L’Austria è il sogno di ogni viaggiatore. C’è tutto: città imperiali, smart cities affacciate sul Danubio, laghi alpini e piccoli borghi ricchi di storia. In più si adatta benissimo anche a vacanze senza aereo, ideali per chi desidera muoversi in auto senza orari o tappe prestabilite.

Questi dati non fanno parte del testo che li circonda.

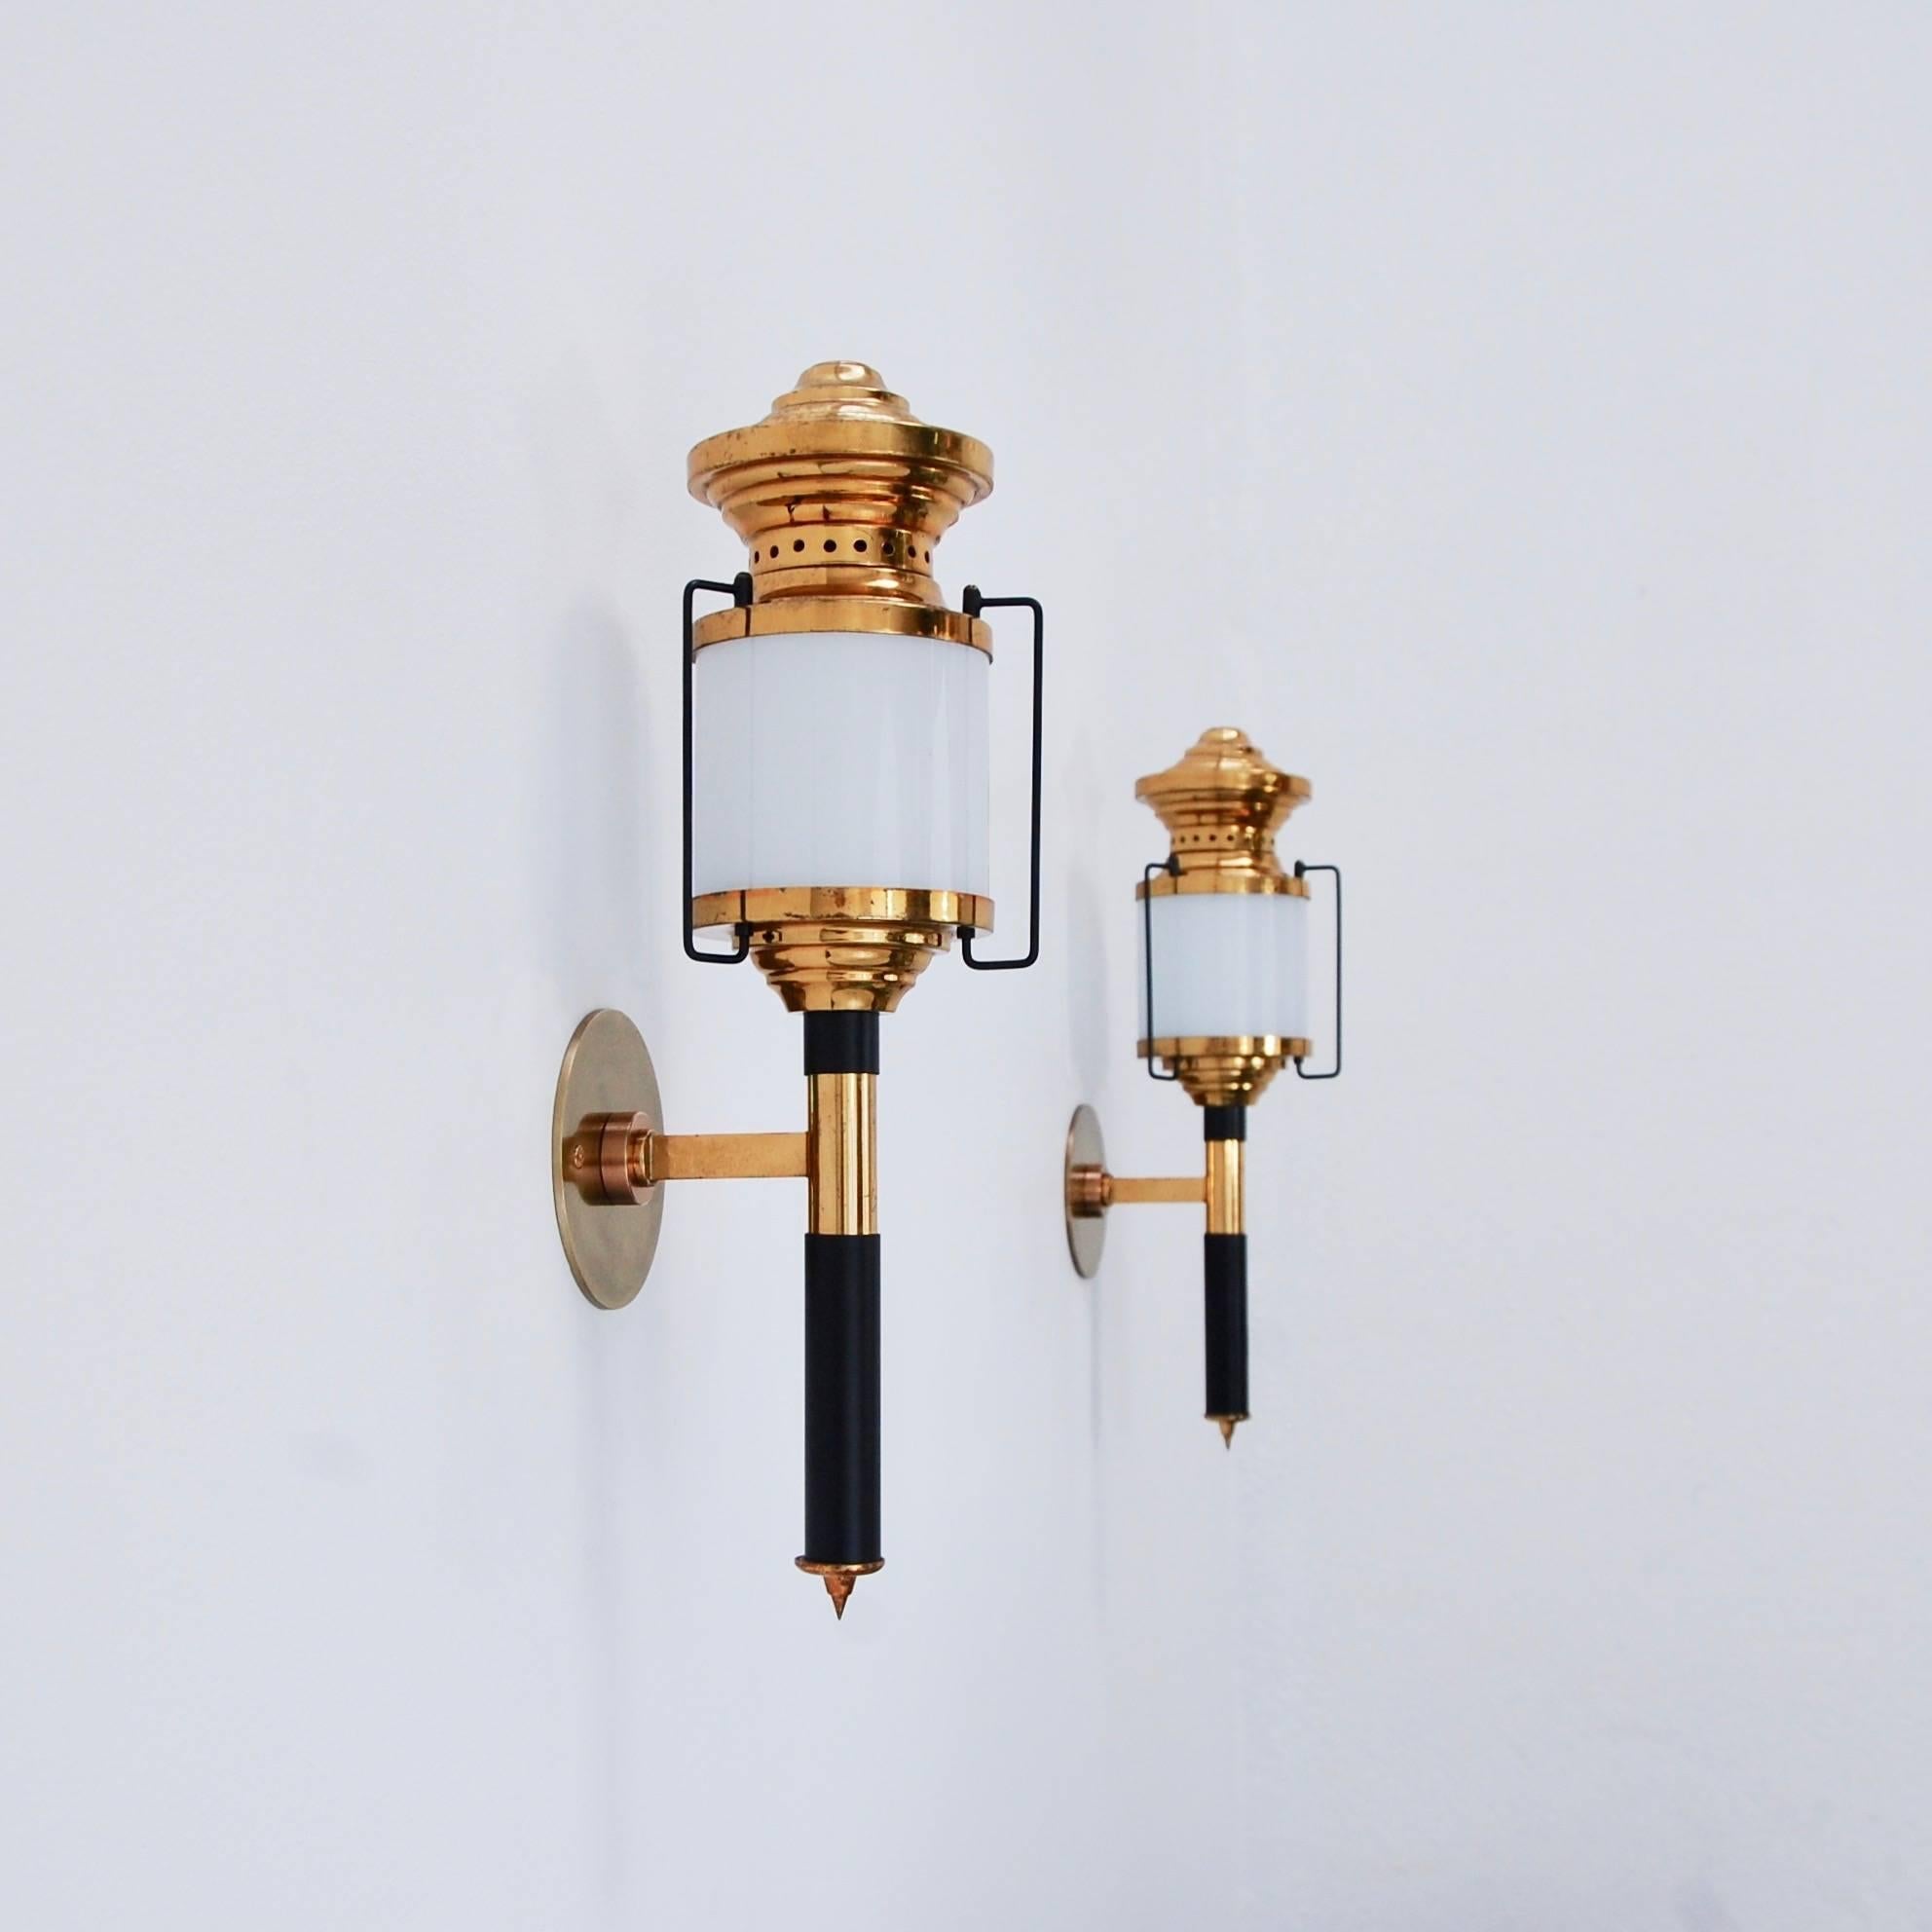 Six Italian indoor/outdoor modernist lanterns from of the period 1950s Italy. Partially restored, patina lacquered brass finish with a single E26 medium based socket per glass cylinder shade. Backplate are 4

Un road trip in Austria permette di passare in poco tempo dai palazzi degli Asburgo ai sentieri panoramici in mezzo alla natura più selvaggia. L’itinerario proposto parte da Vienna e arriva a Innsbruck, con soste a Melk, Mauthausen, Linz, Schlögen, Hallstatt e Rattenberg. Sette giornate per scoprire il meglio che questo paese ha da offrire.

Tour di sette giorni in Austria da Vienna a Innsbruck

Prima della partenza è utile informarsi sui servizi autostrada in Europa e sulle regole previste nei Paesi attraversati. In Austria, ad esempio, per viaggiare sulle autostrade è obbligatoria la vignetta, disponibile anche come vignette elettroniche acquistabili online e in app.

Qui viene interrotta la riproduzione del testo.